• **Work instruction**
Each line below from the "Sacré-Cur de Montmartre - View to Paris" line through the "Ultraleggera Chair - Zieta Studio" line, those two included, must be restated word for word; the pictures must not be.

• **Task inputs**

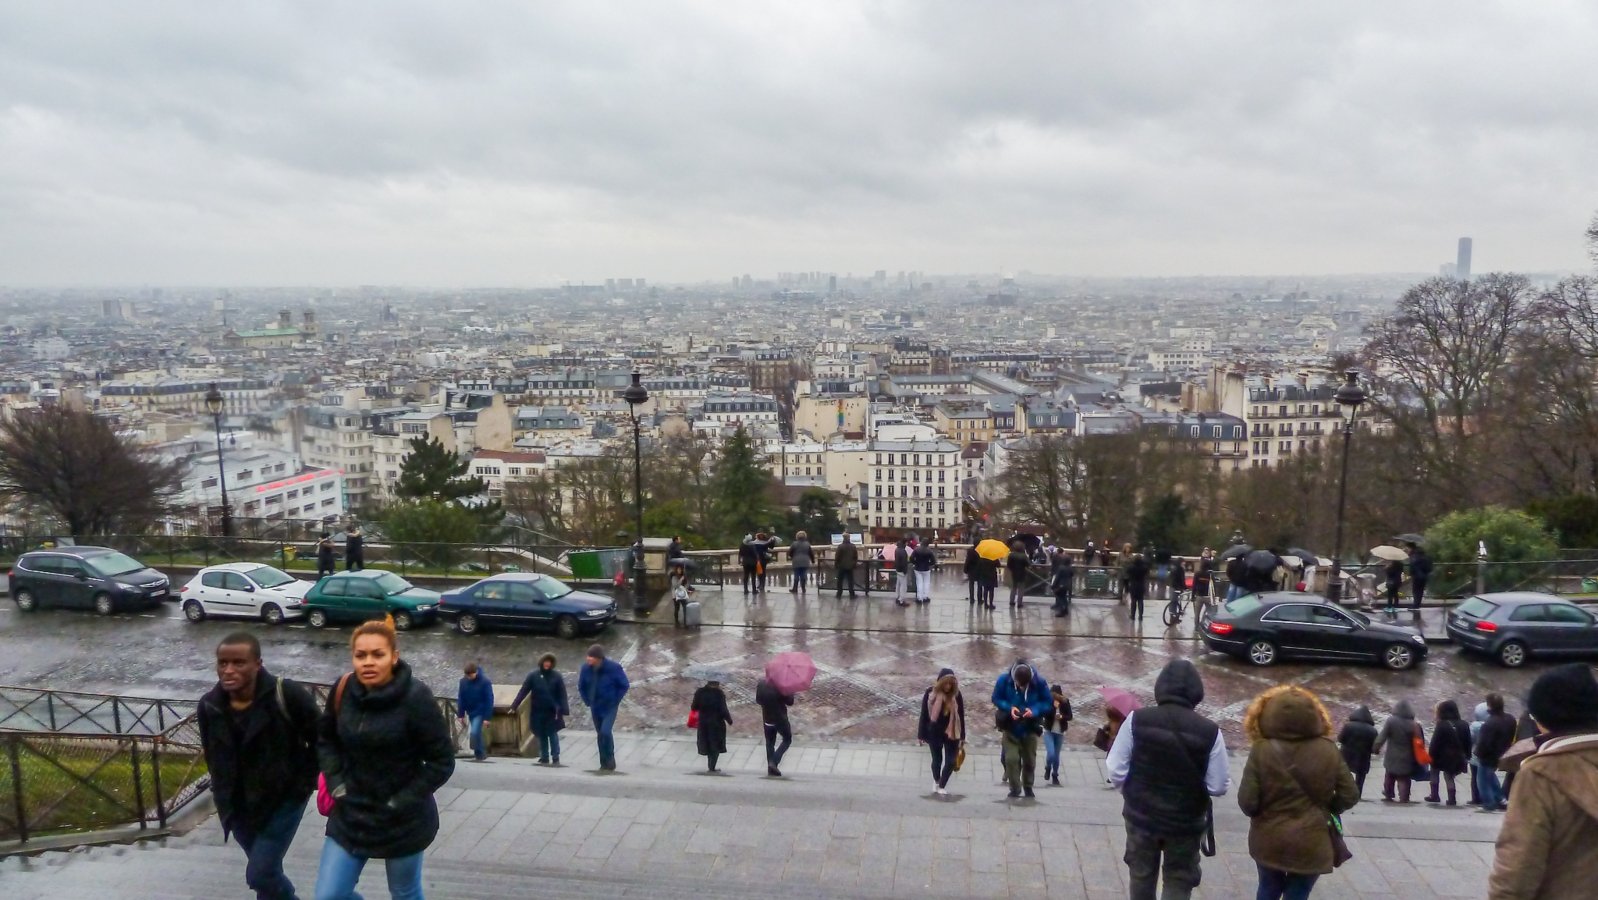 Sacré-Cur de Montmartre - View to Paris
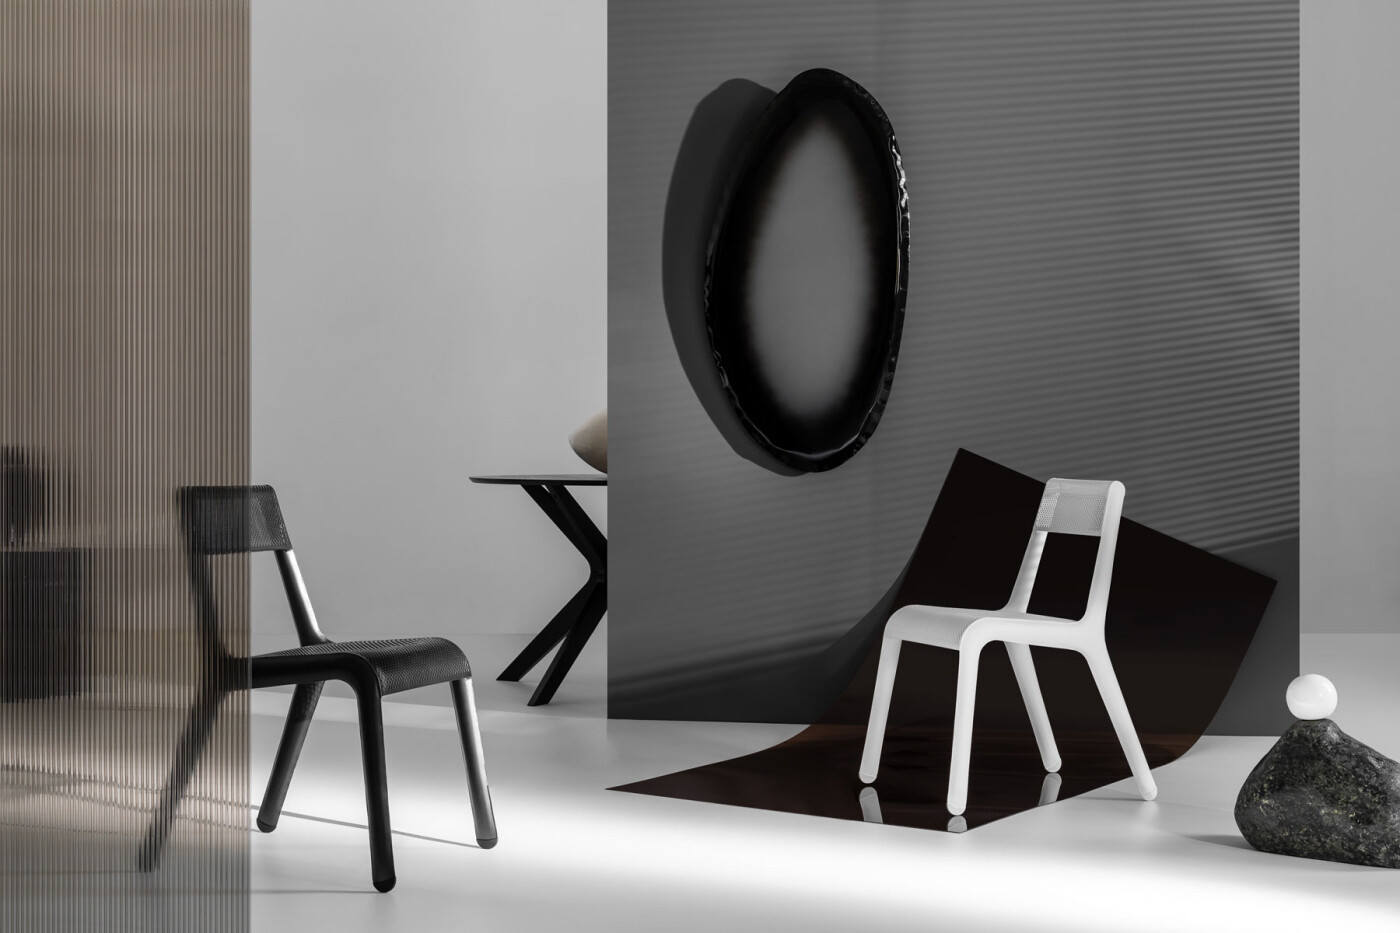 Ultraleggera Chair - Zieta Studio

...

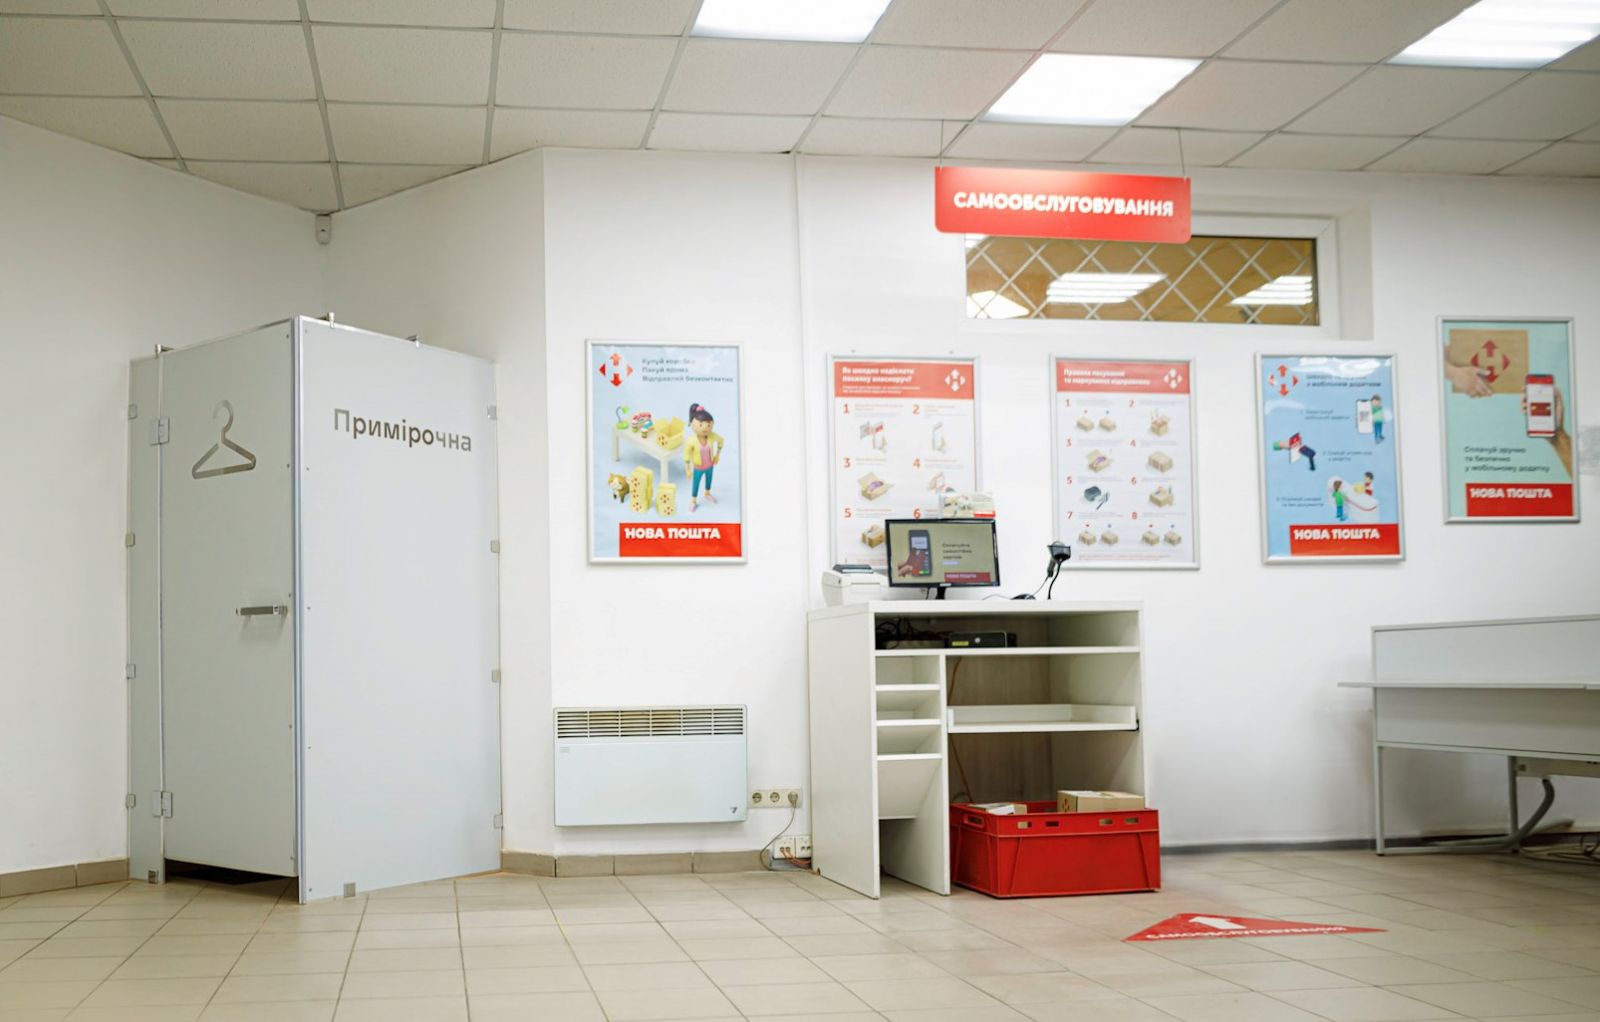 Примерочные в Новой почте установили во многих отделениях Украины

• **Written solution**
 Sacré-Cur de Montmartre - View to Paris
 Ultraleggera Chair - Zieta Studio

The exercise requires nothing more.